For each test case output one line with the indices of the neighbours the children should select (here, index i corresponds to neighbour i who gives a total number of a_i sweets). If there is no solution where each child gets at least one sweet print "no sweets" instead.

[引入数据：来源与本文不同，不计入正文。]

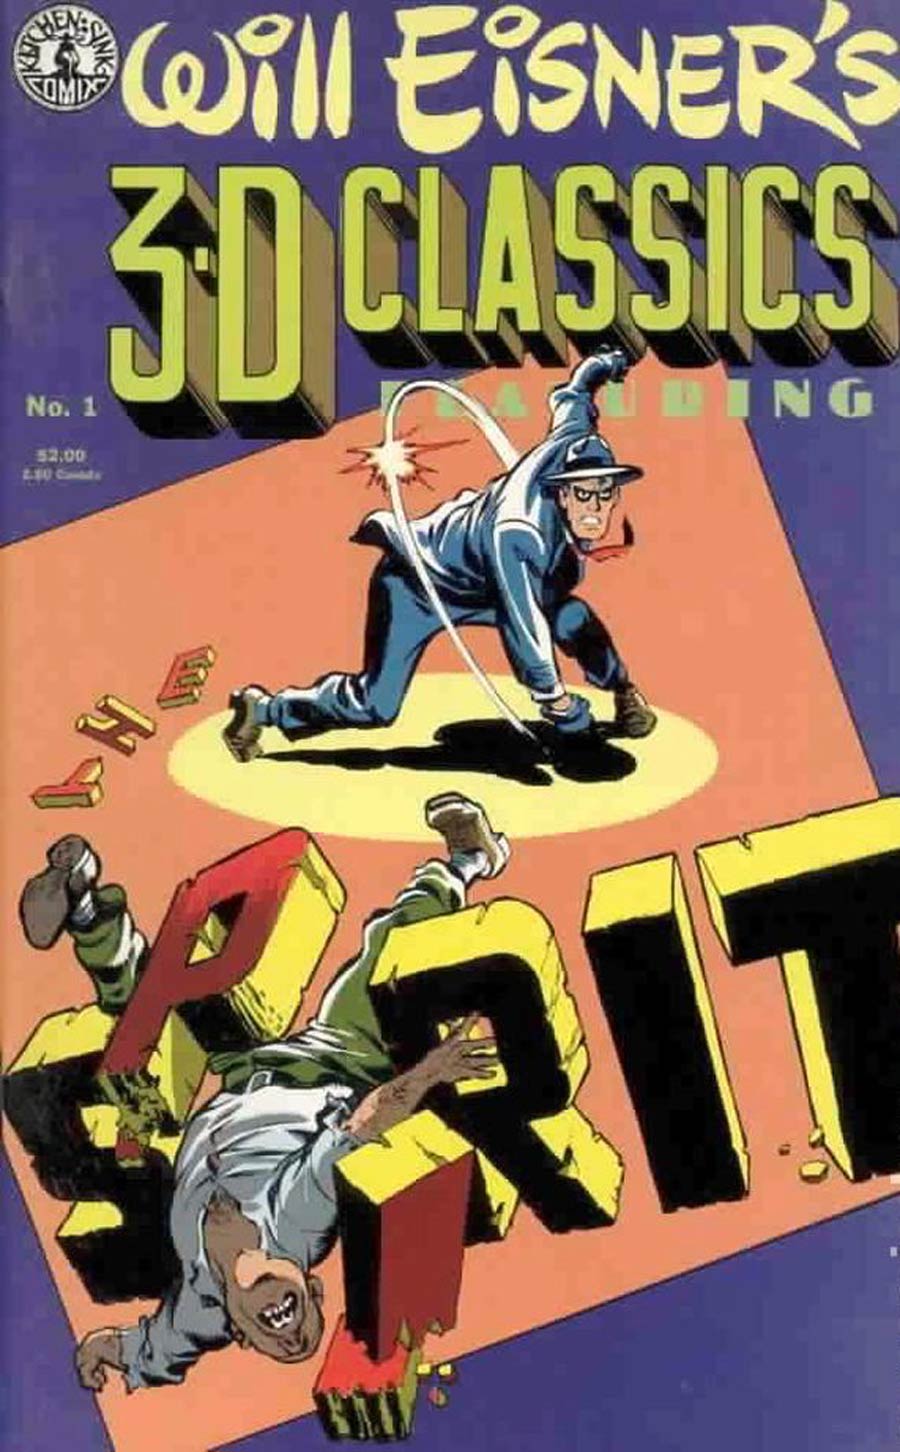 Will Eisners 3-D Classics Featuring The Spirit #1 Cover A With Glasses

Note that if there are several solutions where each child gets at least one sweet, you may print any of them.

4 5
1 2 3 7 5
3 6
7 11 2 5 13 17
0 0

3 5
2 3 4

Ulm Local 2007

C個小孩去N戶人家索要糖果，第i家給出的糖果數為Ai。

孩子們想要能夠平分糖果，所以他們選擇其中一部分人家索要糖果。

若能夠平分，輸出孩子們選擇的住戶編號；若不能，輸出"no sweets"。

鴿巢原理。

對於一個正整數序列A1~Am，至少存在整數k，l（l≤k<l≤m），使得Ak~Al之和是m的倍數。

我的思路寫的程式碼不加輸入外掛就會超時…限時2000ms，加了之後1902ms險過…Orz

還有阿，這是特判的題…樣例給你的只是一種正確情況~

#include <iostream>
#include <cstdio>
#include <cstring>
#include <cmath>
#include <vector>
#include <queue>
#include <map>
#include <algorithm>
using namespace std;
#define maxn 100010
int a[maxn];
struct Remnant
{
    int h,r;//記錄前h個數和模上c後的餘數r
} re[maxn];
bool cmp(const Remnant &x,const Remnant &y)//結構體排序
{
    if(x.r==y.r) return (x.h<y.h);
    return (x.r<y.r);
}
int getint()//輸入外掛
{
    char c=getchar();
    int t=0;
    while (c<'0' || c>'9')
    {
        c=getchar();
    }
    while (c>='0' && c<='9')
    {
        t=t*10+c-'0';
        c=getchar();
    }
    return t;
}


int main()
{
    ios::sync_with_stdio(false);
    cin.tie(0);
    int c,n;
    while(cin>>c>>n,c||n)
    {
        //memset(a,0,sizeof(a));
        // memset(re,0,sizeof(Remnant)*maxn);
        int flag=-1,h;
        long long sum=0;
        for(int i=0; i<n; ++i)
        {
            a[i]=getint();//加了外掛之後1902ms險過…
            sum+=a[i];//累加前i個數
            re[i].r=sum%c;//儲存餘數
            re[i].h=i+1;//儲存前h個數下標h
            if(flag==-1&&re[i].r==0) flag=i;//當前存在數的和是c的倍數，即第一次掃描時糖果可分，並記錄位置
        }
        if(flag==-1)//第一次掃描糖果不可分
        {
            sort (re,re+n,cmp);//所有和的餘數遞增排序
            for(int i=0; i<n-1; ++i)
                if(flag==-1&&re[i].r==re[i+1].r)//若兩個餘數相等，說明它們原來的和是c的倍數
                {
                    flag=re[i].h;//記錄開始位置
                    h=re[i+1].h;//記錄結束位置
                }
            if(flag==-1) puts("no sweets");//糖果不可分
            else//第二次掃描發現糖果可分
            {
                for(int i=flag+1; i<h; ++i)
                    cout<<i<<" ";
                cout<<h<<endl;
            }
        }
        else//第一次掃描時糖果可分
        {
            for(int i=0; i<flag; ++i)
                cout<<i+1<<" ";
            cout<<flag+1<<endl;
        }
    }
    return 0;
}

/**
4 5
1 2 3 7 5
3 6
7 11 2 5 13 17
0 0
**/